■ **Supplied information**:
——

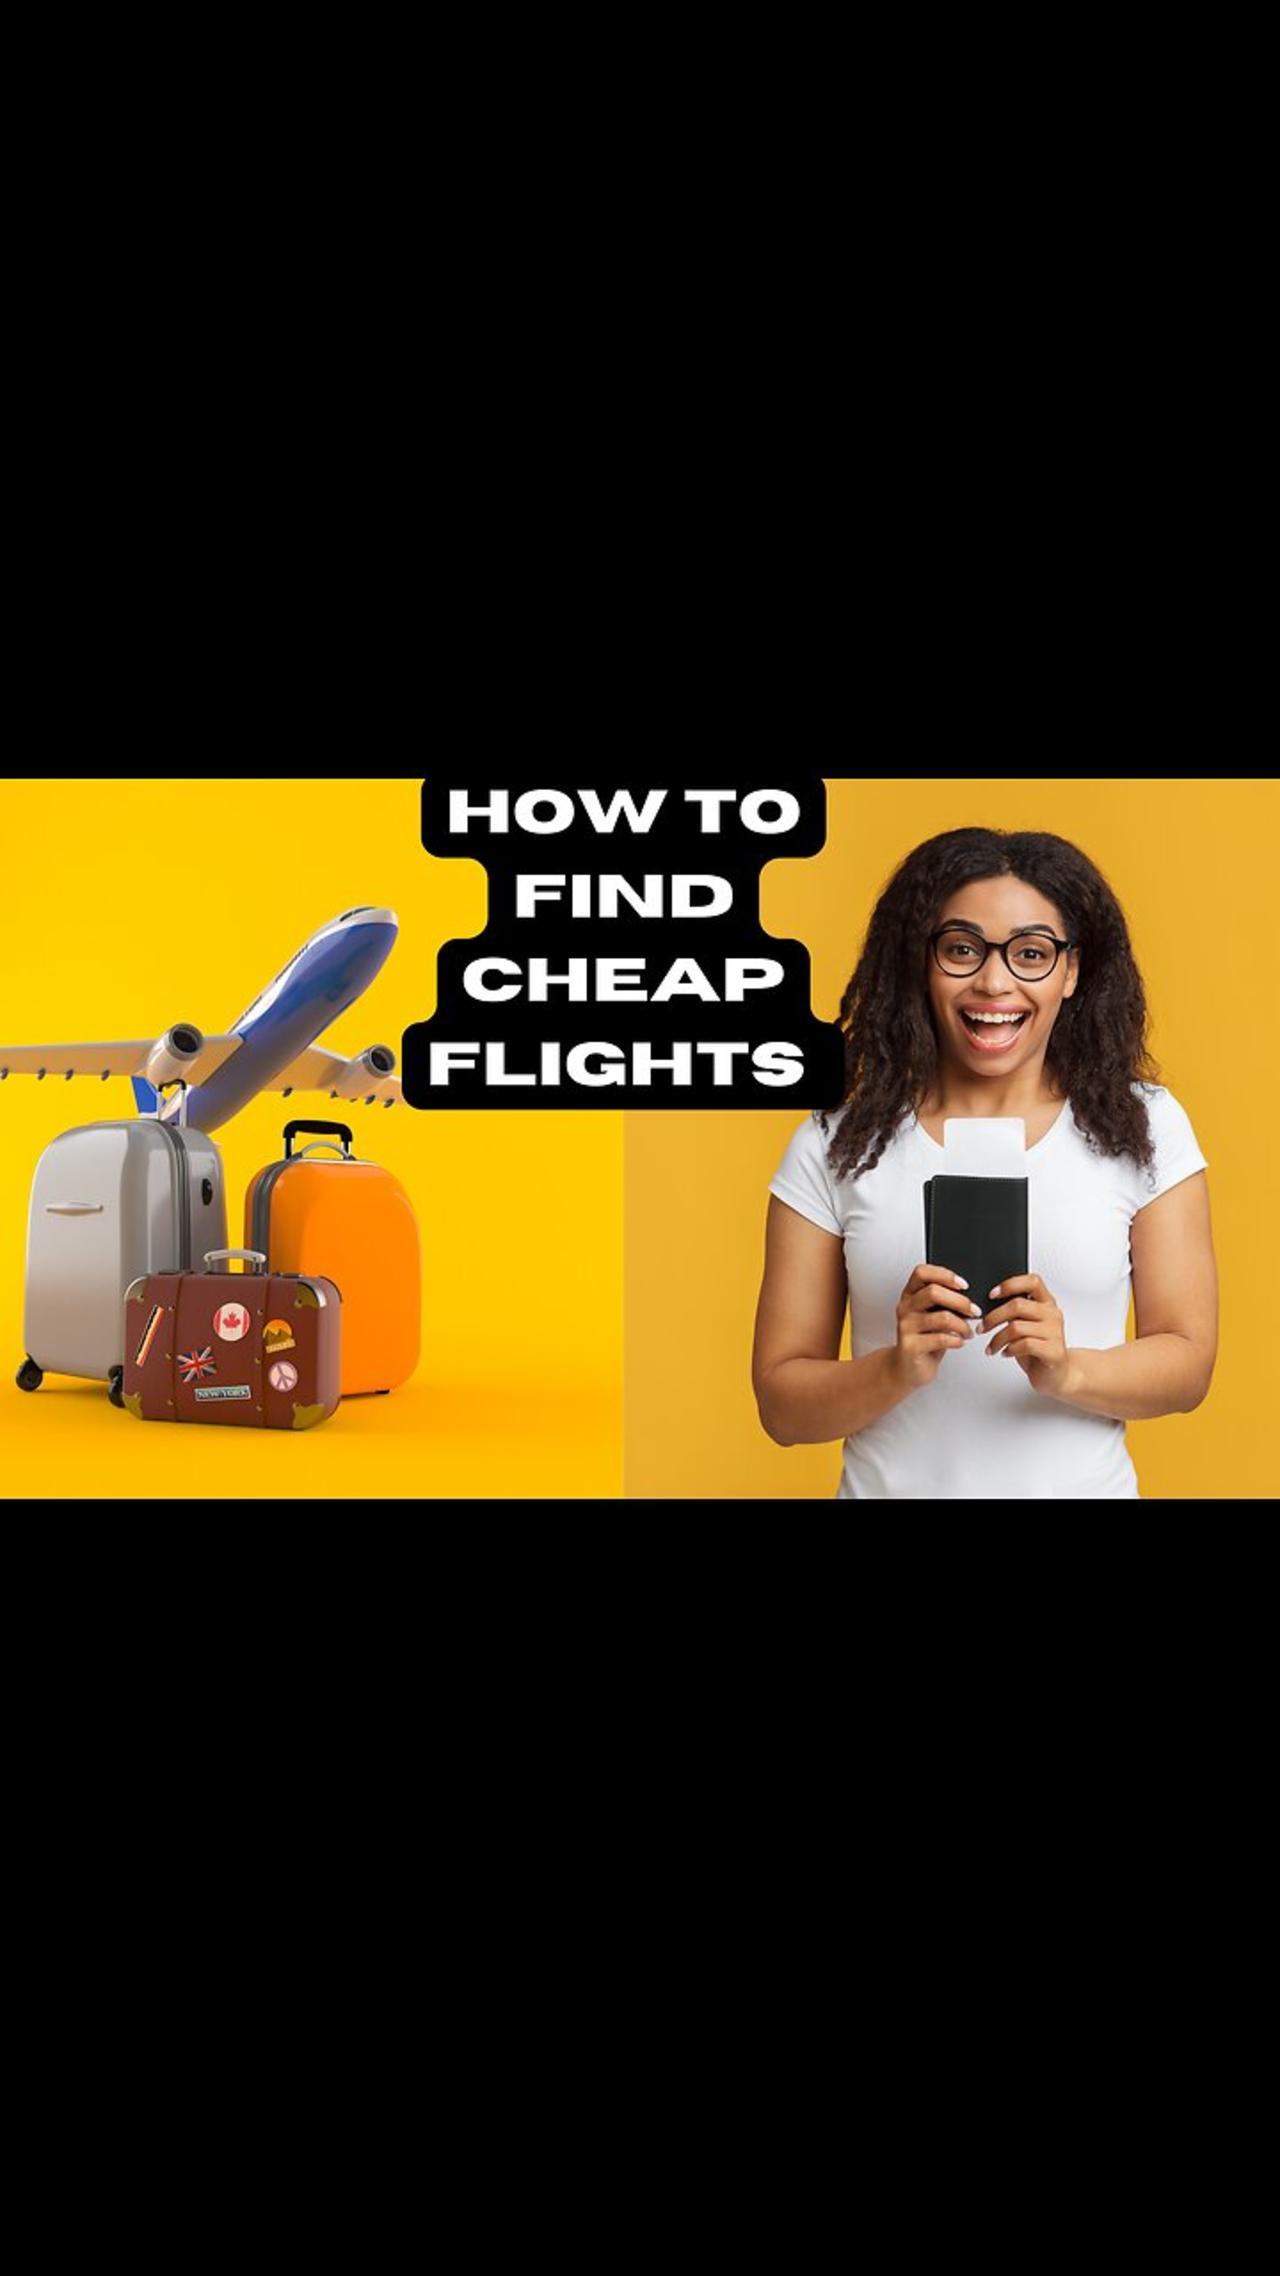 HOW TO FIND CHEAP FLIGHTS
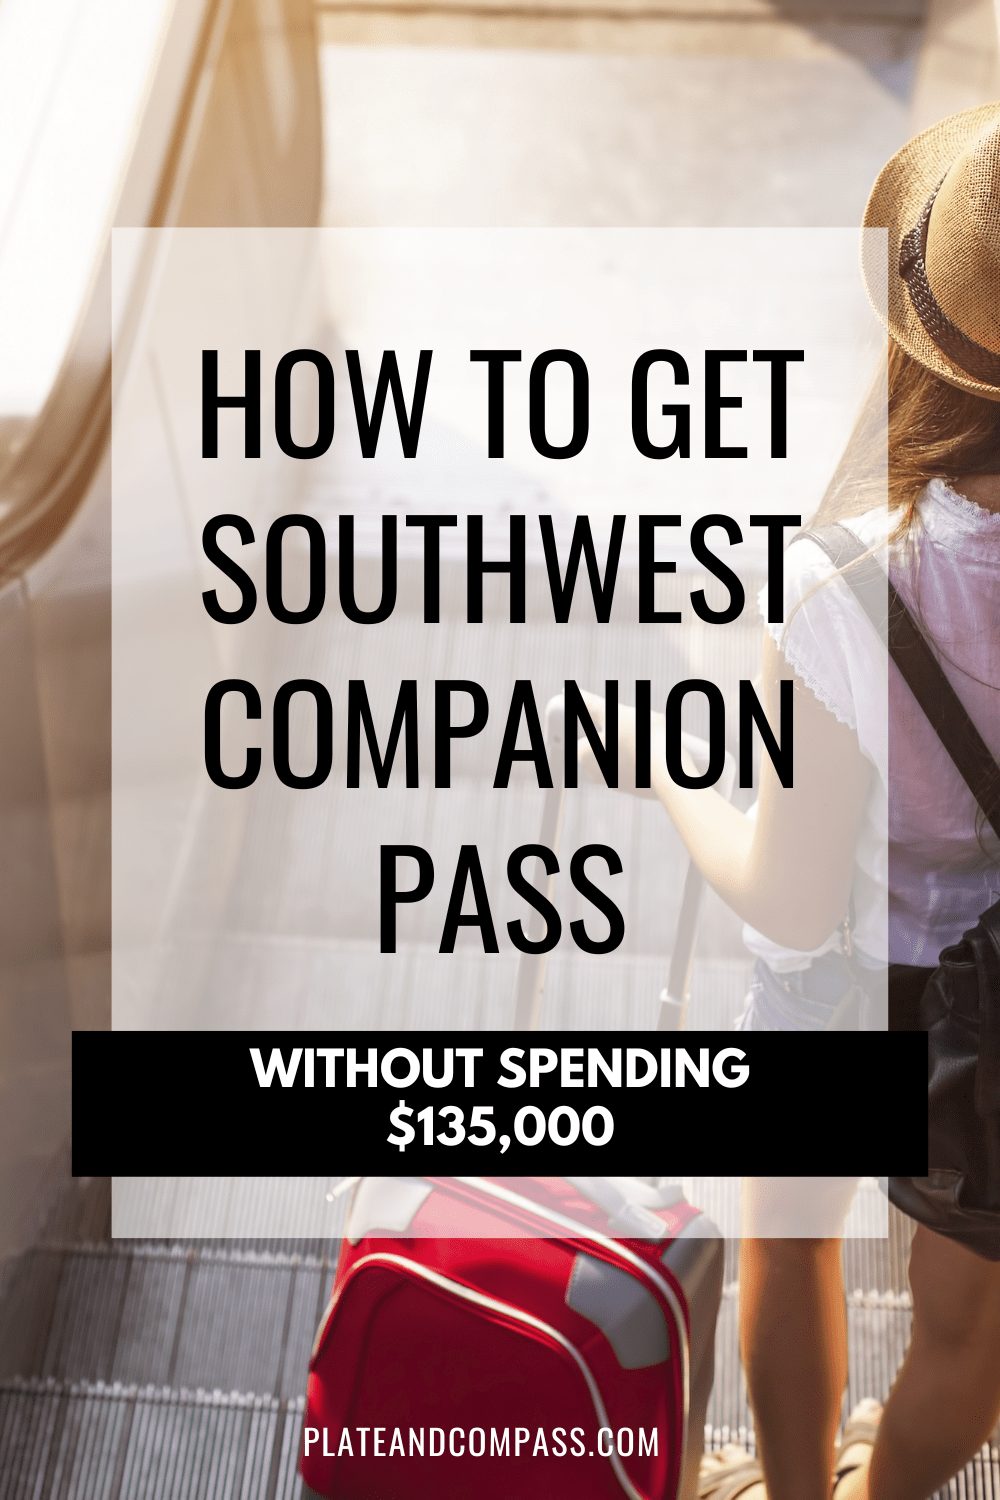 Woman at airport with luggage and text stating "how to get southwest companion pass without spending $135,000"
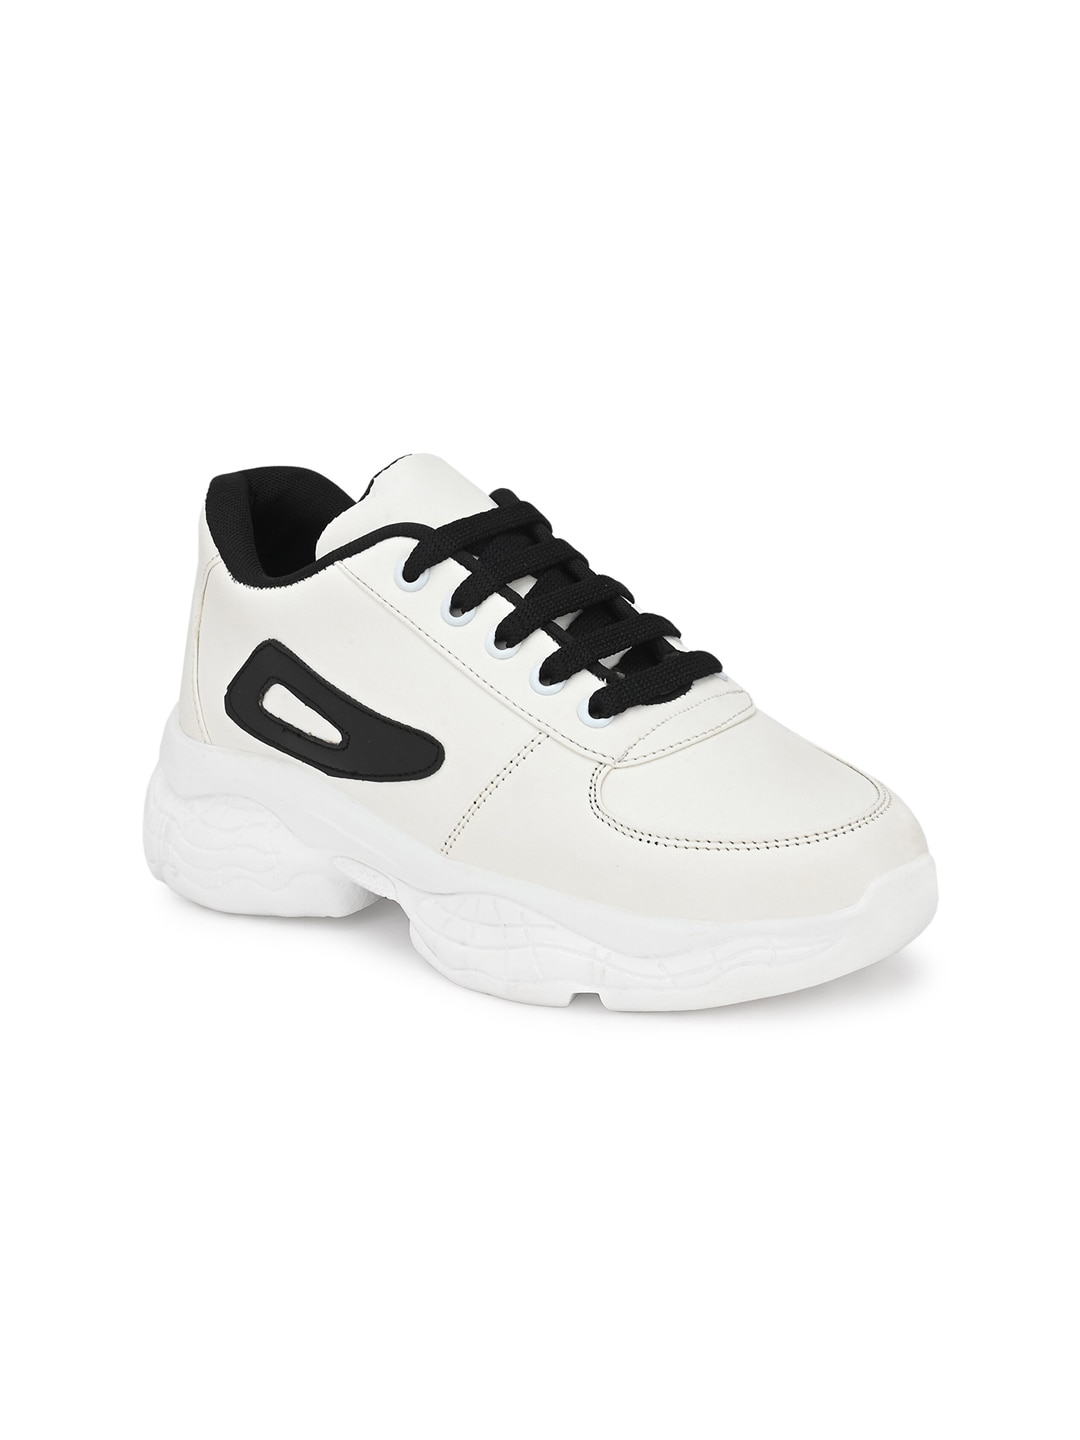 BOOTCO Women White Sneakers Price in India

——

■ **Required work**: Leaving out all pictures, repeat word for word the lines from the one containing "Woman at airport" through the final line of the material above.

■ **Finished task**:
 Woman at airport with luggage and text stating "how to get southwest companion pass without spending $135,000"
 BOOTCO Women White Sneakers Price in India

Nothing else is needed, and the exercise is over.